I am not completely clear on what sort of communication you are trying to protect, and what your threat model is.
Let's say that agent-in-place X posts to his controller whenever something of political significance happens in Foobarvia. A clever traffic analyst will notice that a certain key posts to alt.anonymous (or contributes to the pool, whatever it is) whenever something big happens in Foobarvia. Conclusions can be drawn -- there is a PGP-using spy in Foobarvia! By carefully limiting access to news tidbits, they can use process of elimination to find the spy. (In reality, it could be much more mundane -- every time Peggy Sue tells Mary Beth a secret, there is a post by the same keyid, etc.) However, if you use a public-key encryption scheme that doesn't store the key-id on the outside of the packet (or store it at all), then you are at liberty to identify the packets for decryption by the target recipient however you want. I've suggested an approach using tokens, which make all the messages from agent-in-place X unlinkable to one another (thus hindering the detection of the aforementioned pattern), while still allowing the recipient to sniff for them efficiently.
Are you worried about an attacker noticing that an anonymous ID is getting a lot of messages?
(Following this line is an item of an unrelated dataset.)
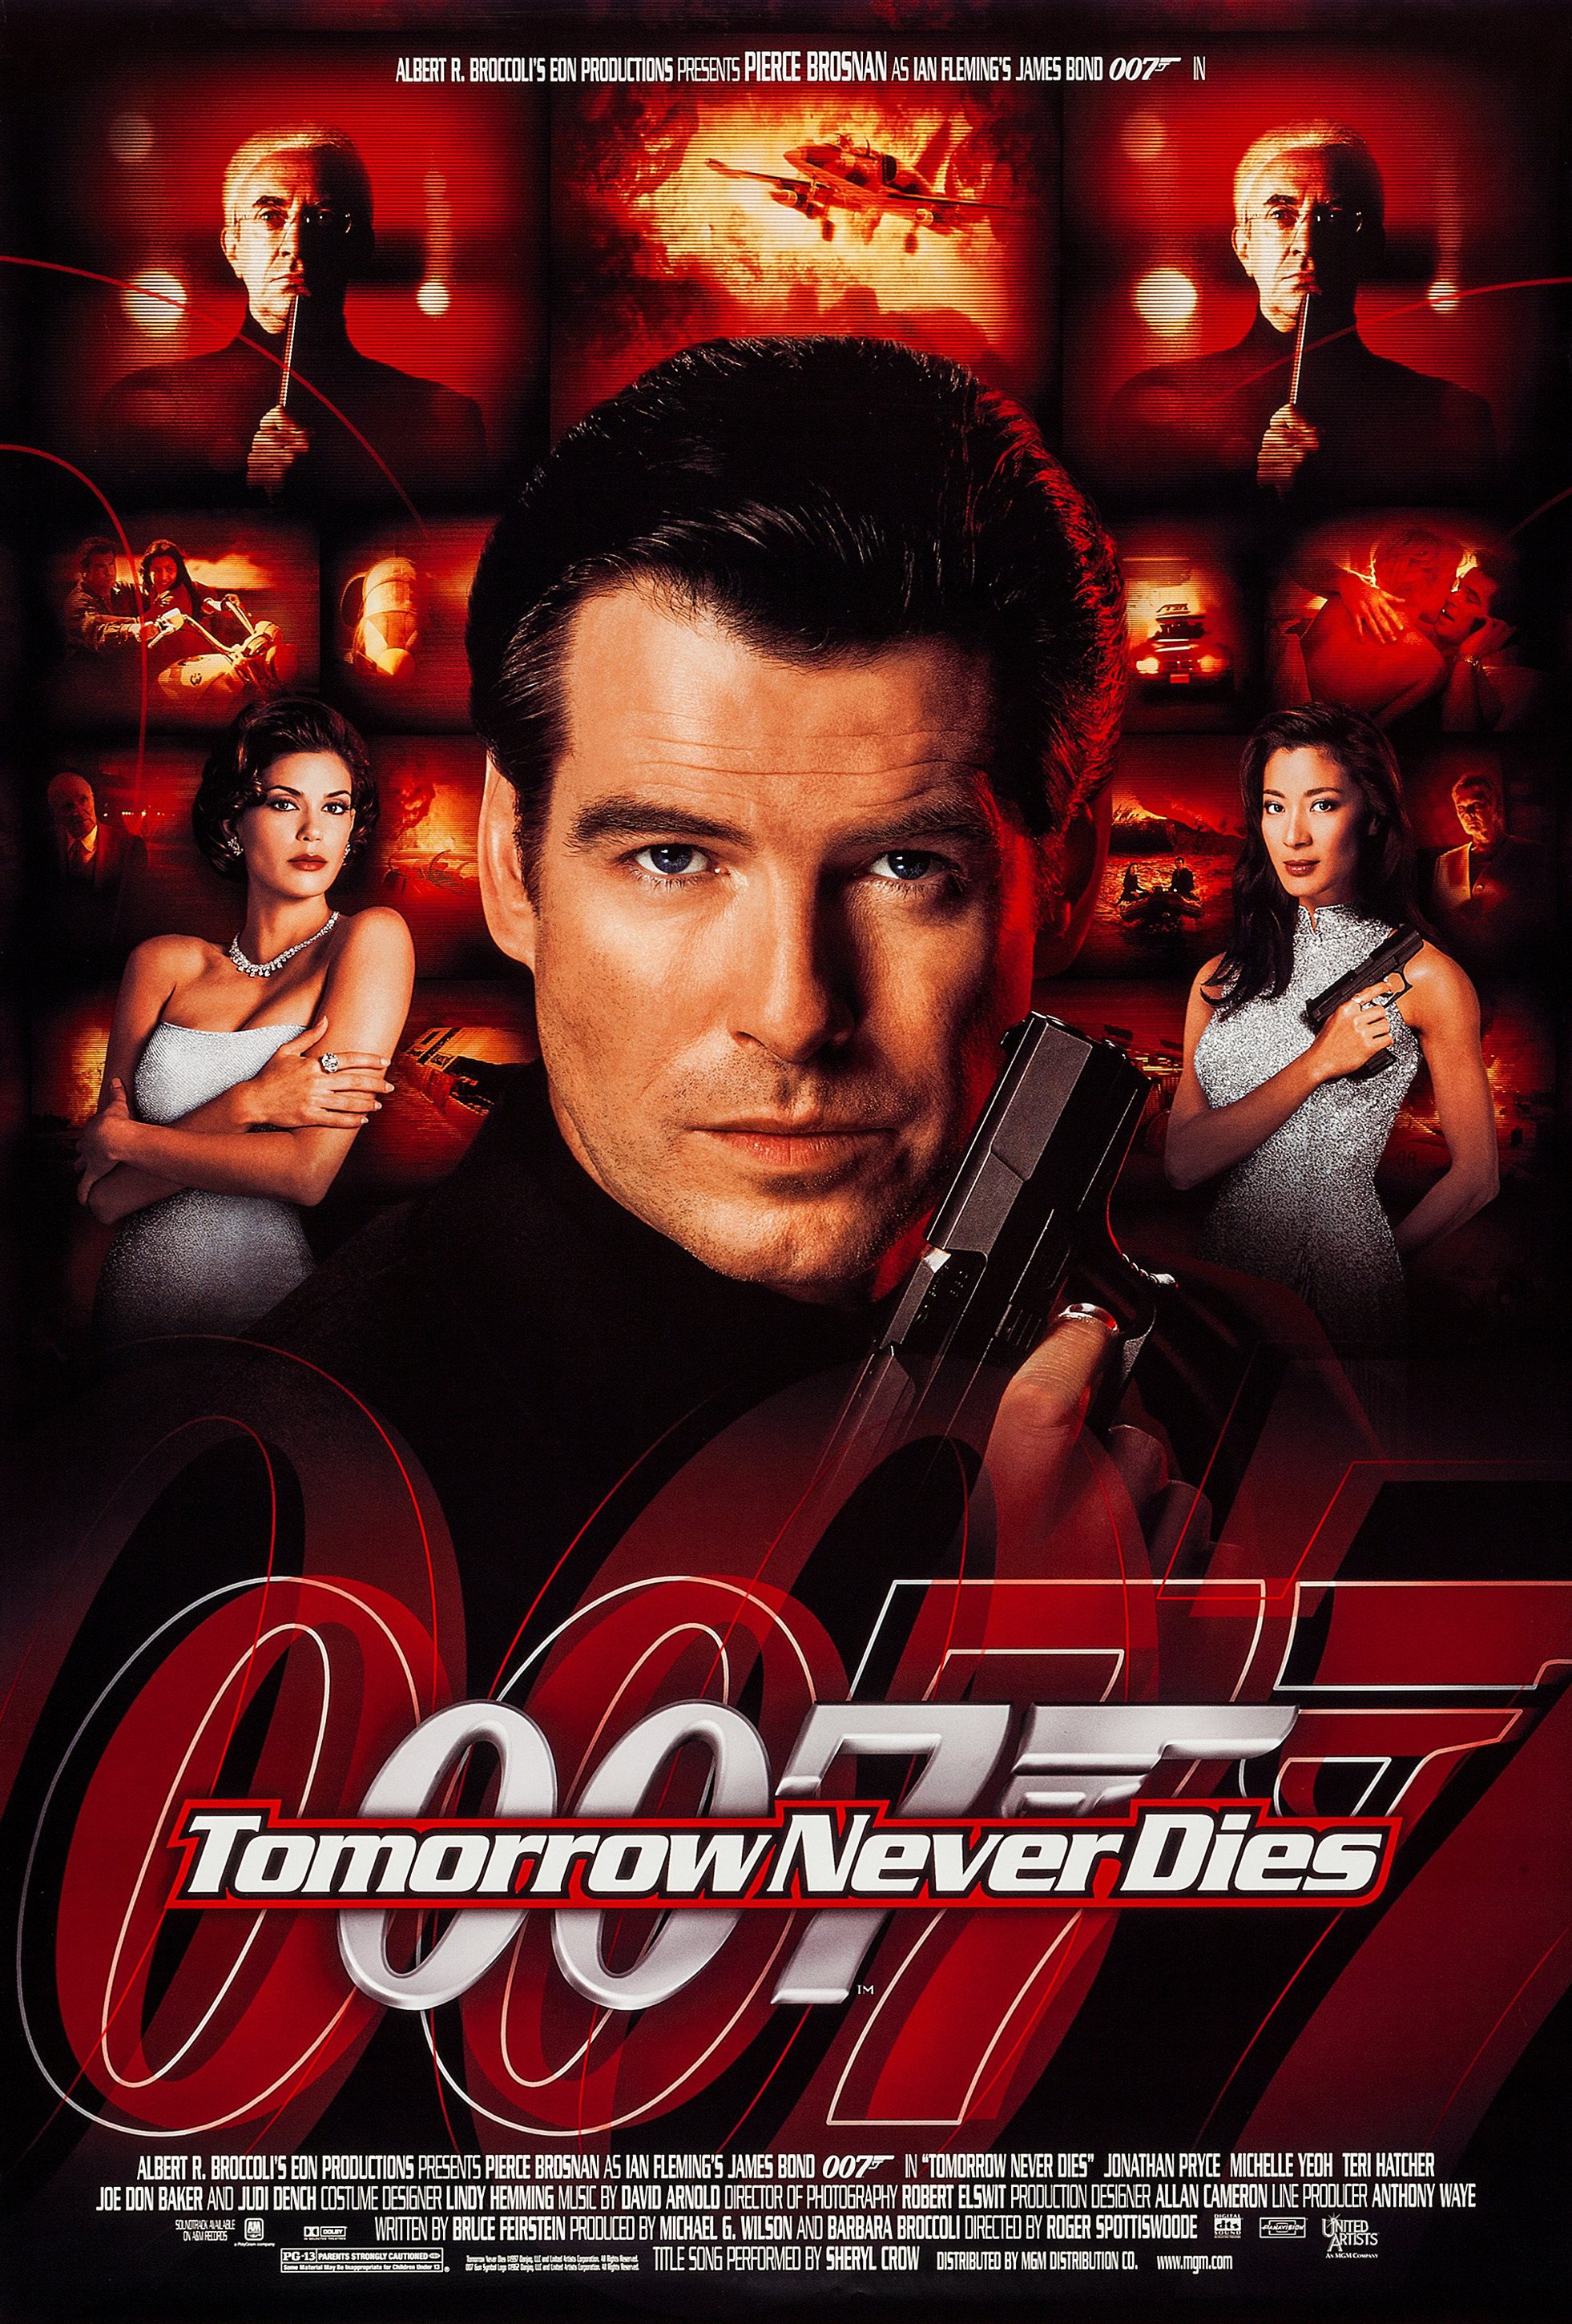 Tomorrow Never Dies Film James Bond Wiki Fandom

If you are using PGP and a message pool, any attacker can decrypt all the messages, and see which correspond to which key, and therefor to which anonymous ID. The only way around this is to use private key crypto. If you are doing that, then you can also use a shared secret to generate a stream of one use message IDs.
Clearly this involves using something other than vanilla PGP, or running some post- and pre- processing to delete and then add back in the key-id. The mandatory external presence of the key-id has always been less than optimal, IMHO.